▸ What needs to be done: With the pictures set aside, reproduce each entry precisely as it reads.

▸ Given records:
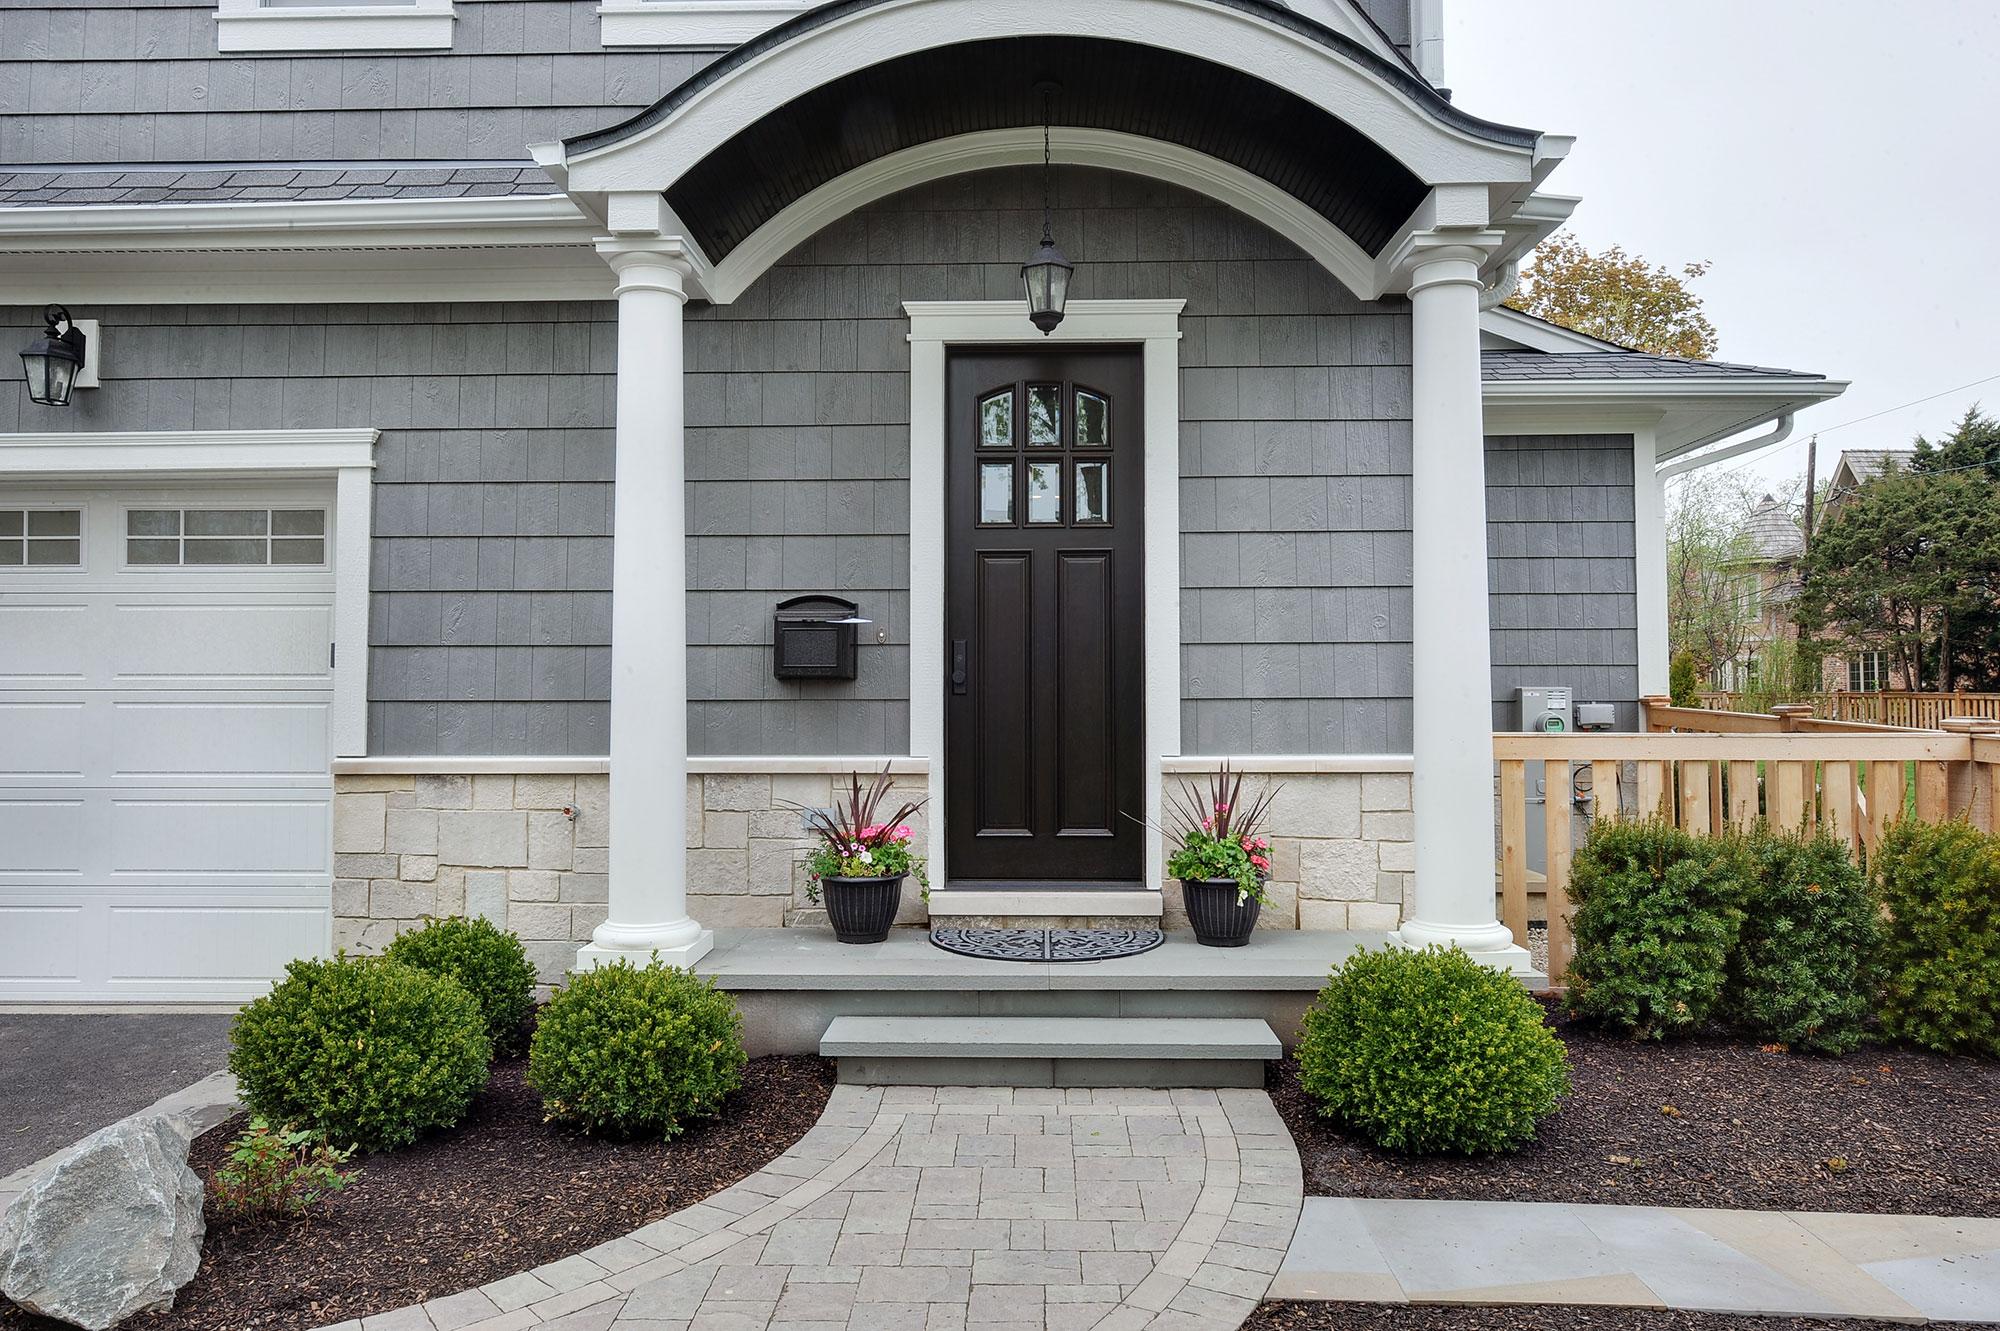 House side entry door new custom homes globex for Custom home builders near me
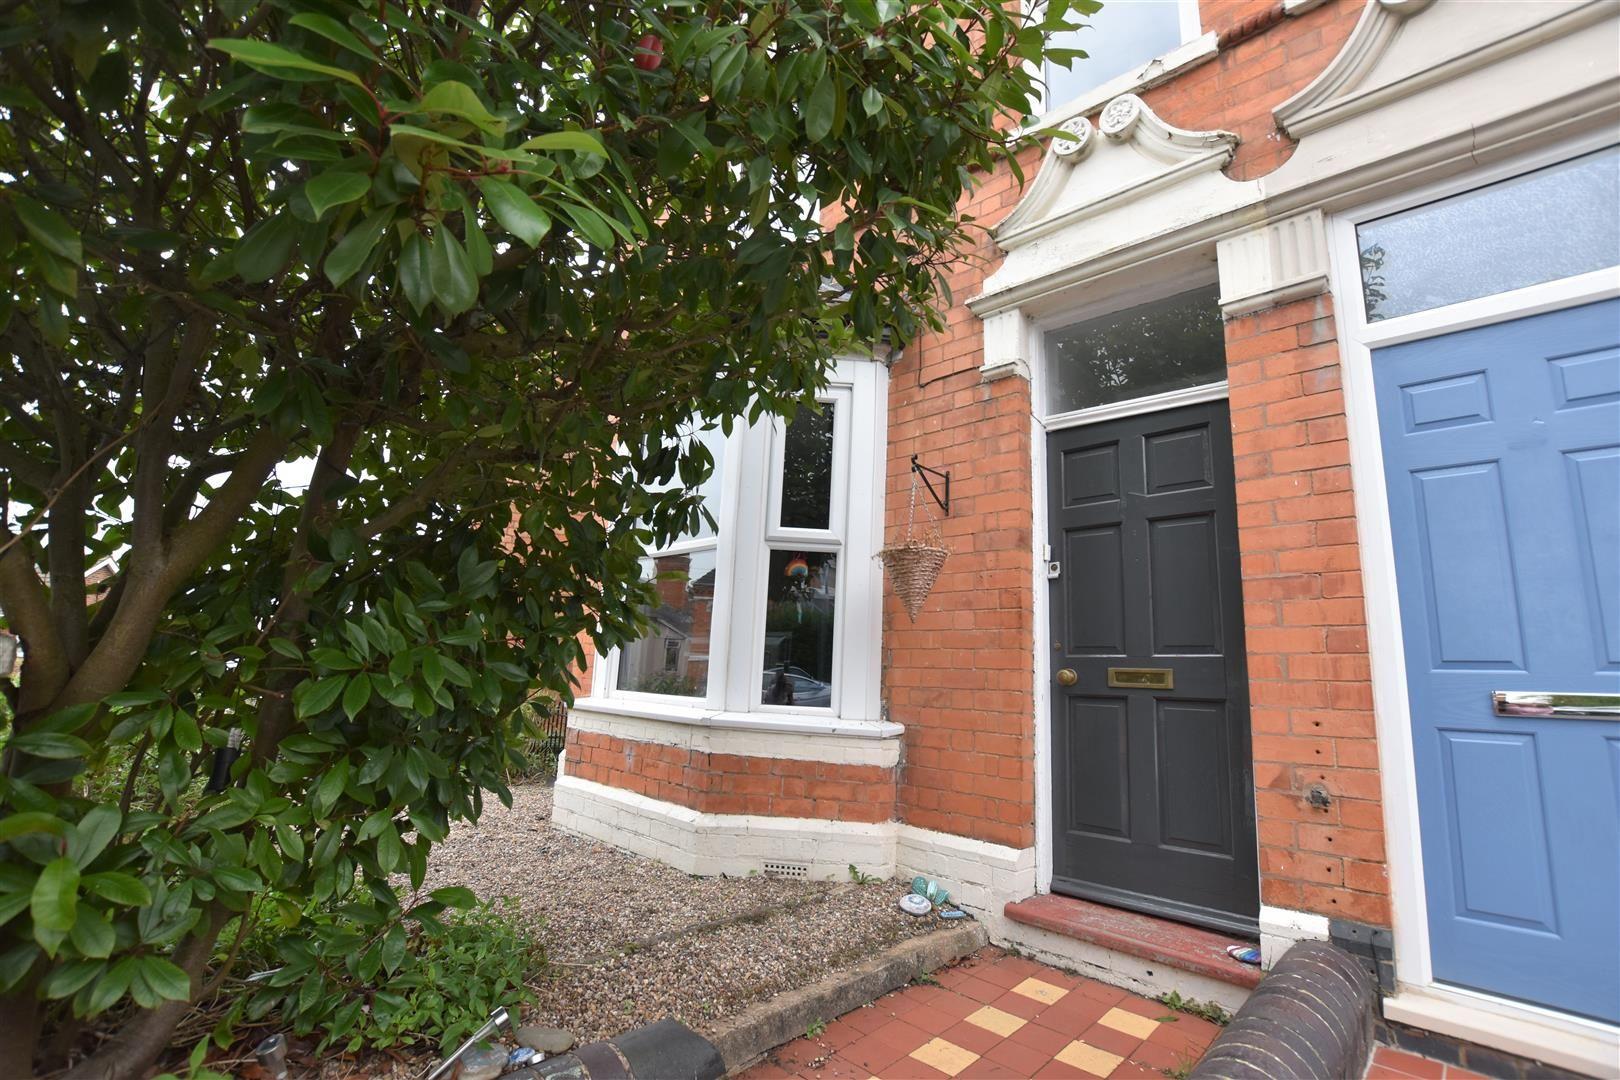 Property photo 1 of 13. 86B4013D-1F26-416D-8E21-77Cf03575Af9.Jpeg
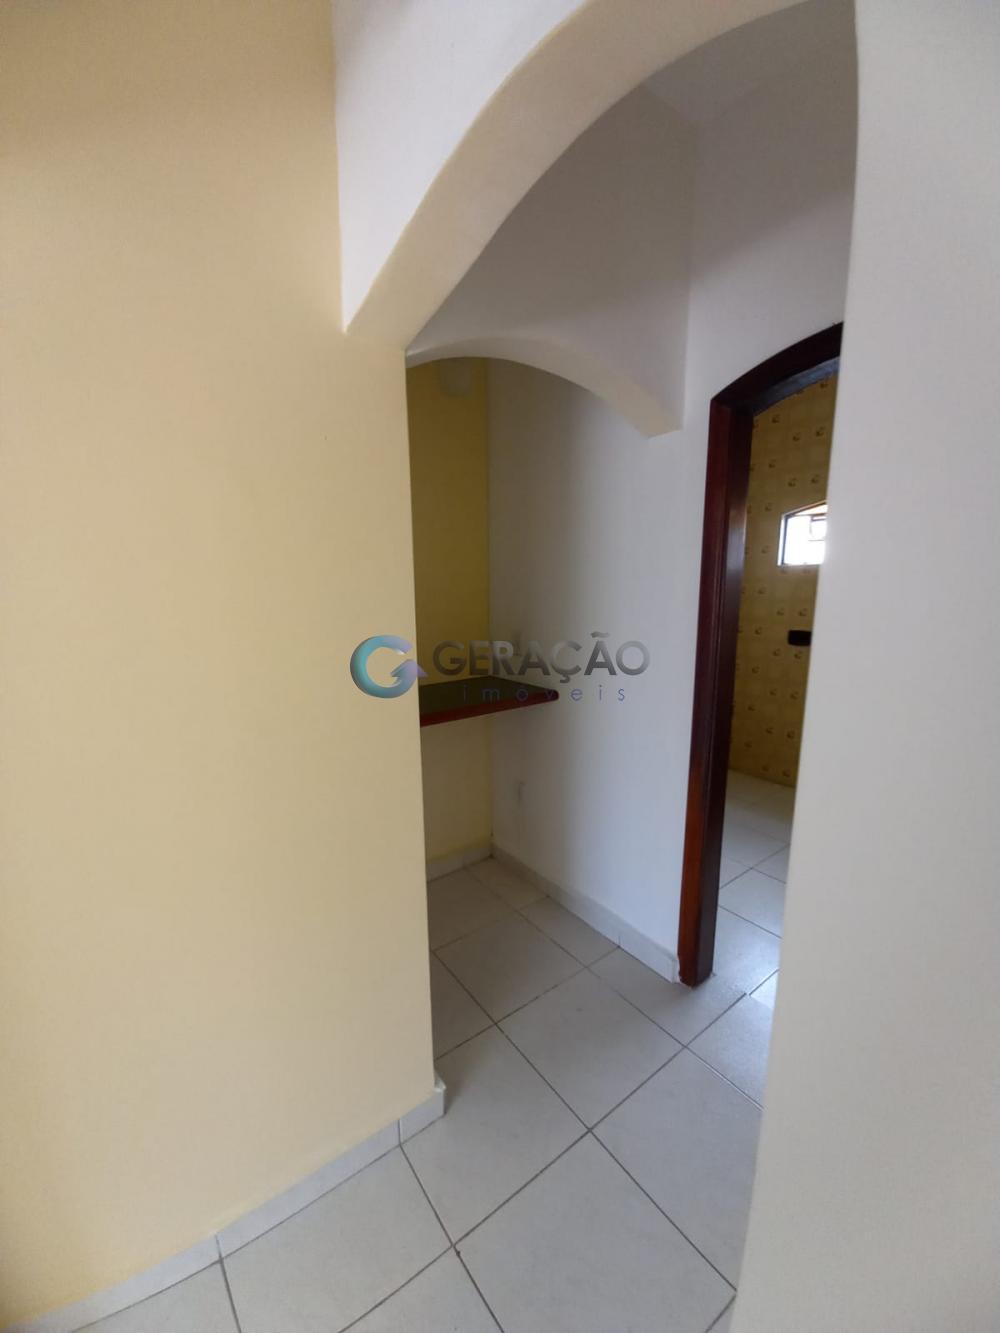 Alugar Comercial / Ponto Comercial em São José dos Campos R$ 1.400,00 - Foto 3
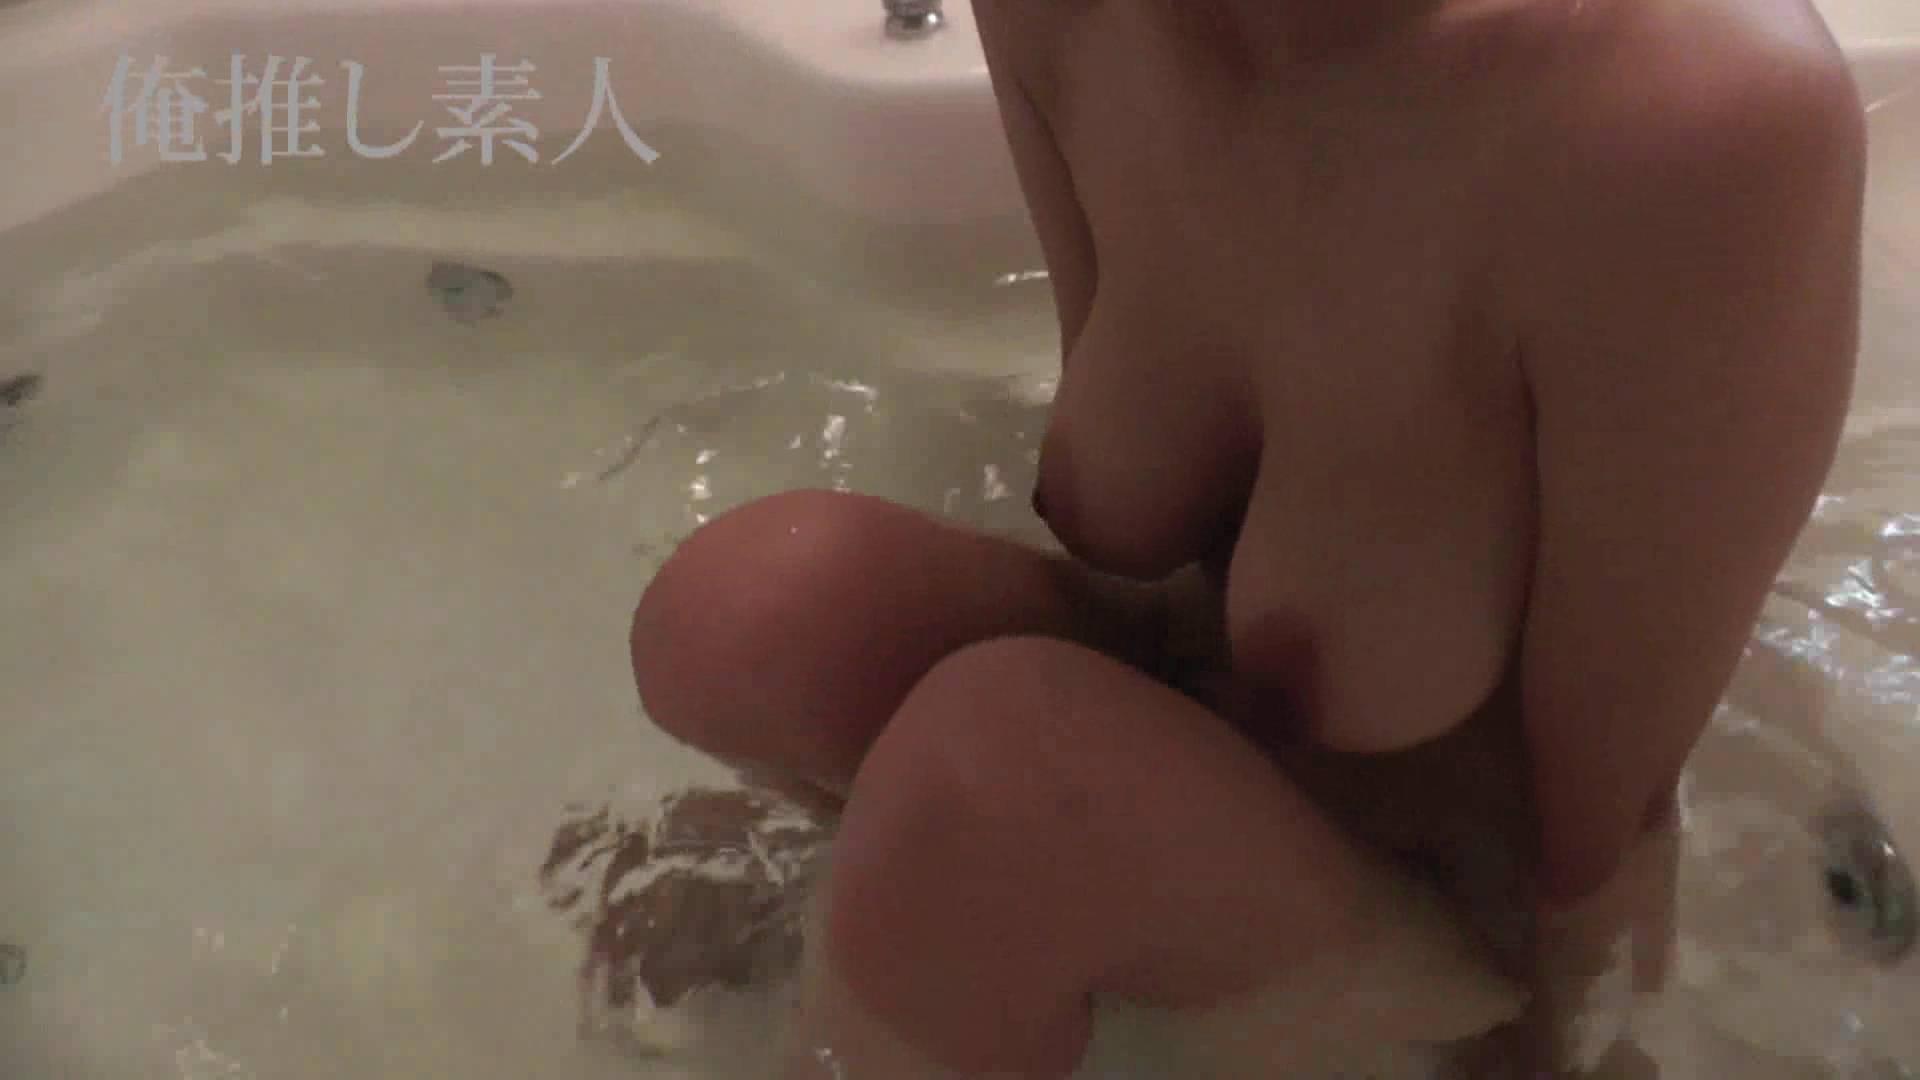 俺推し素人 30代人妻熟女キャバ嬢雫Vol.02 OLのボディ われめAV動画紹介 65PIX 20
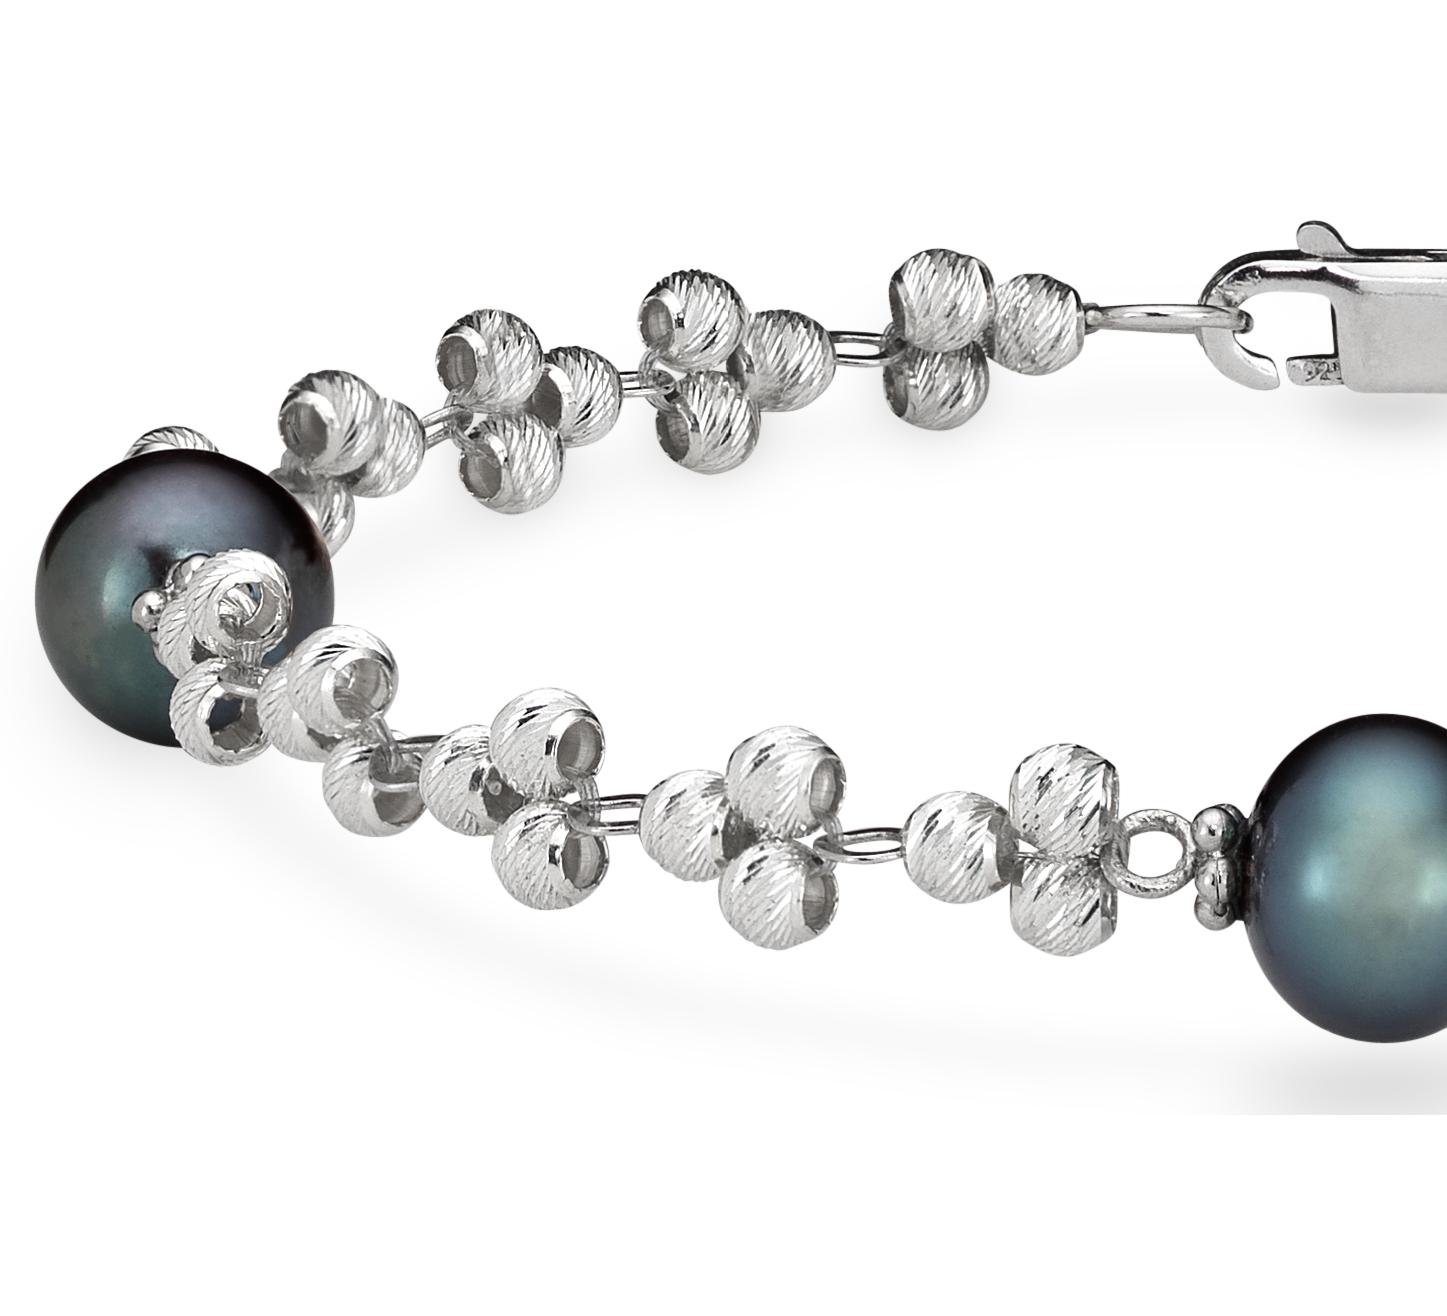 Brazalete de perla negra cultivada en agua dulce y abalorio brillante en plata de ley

▸ Answer:
 House side entry door new custom homes globex for Custom home builders near me
 Property photo 1 of 13. 86B4013D-1F26-416D-8E21-77Cf03575Af9.Jpeg
 Alugar Comercial / Ponto Comercial em São José dos Campos R$ 1.400,00 - Foto 3
 俺推し素人 30代人妻熟女キャバ嬢雫Vol.02 OLのボディ われめAV動画紹介 65PIX 20
 Brazalete de perla negra cultivada en agua dulce y abalorio brillante en plata de ley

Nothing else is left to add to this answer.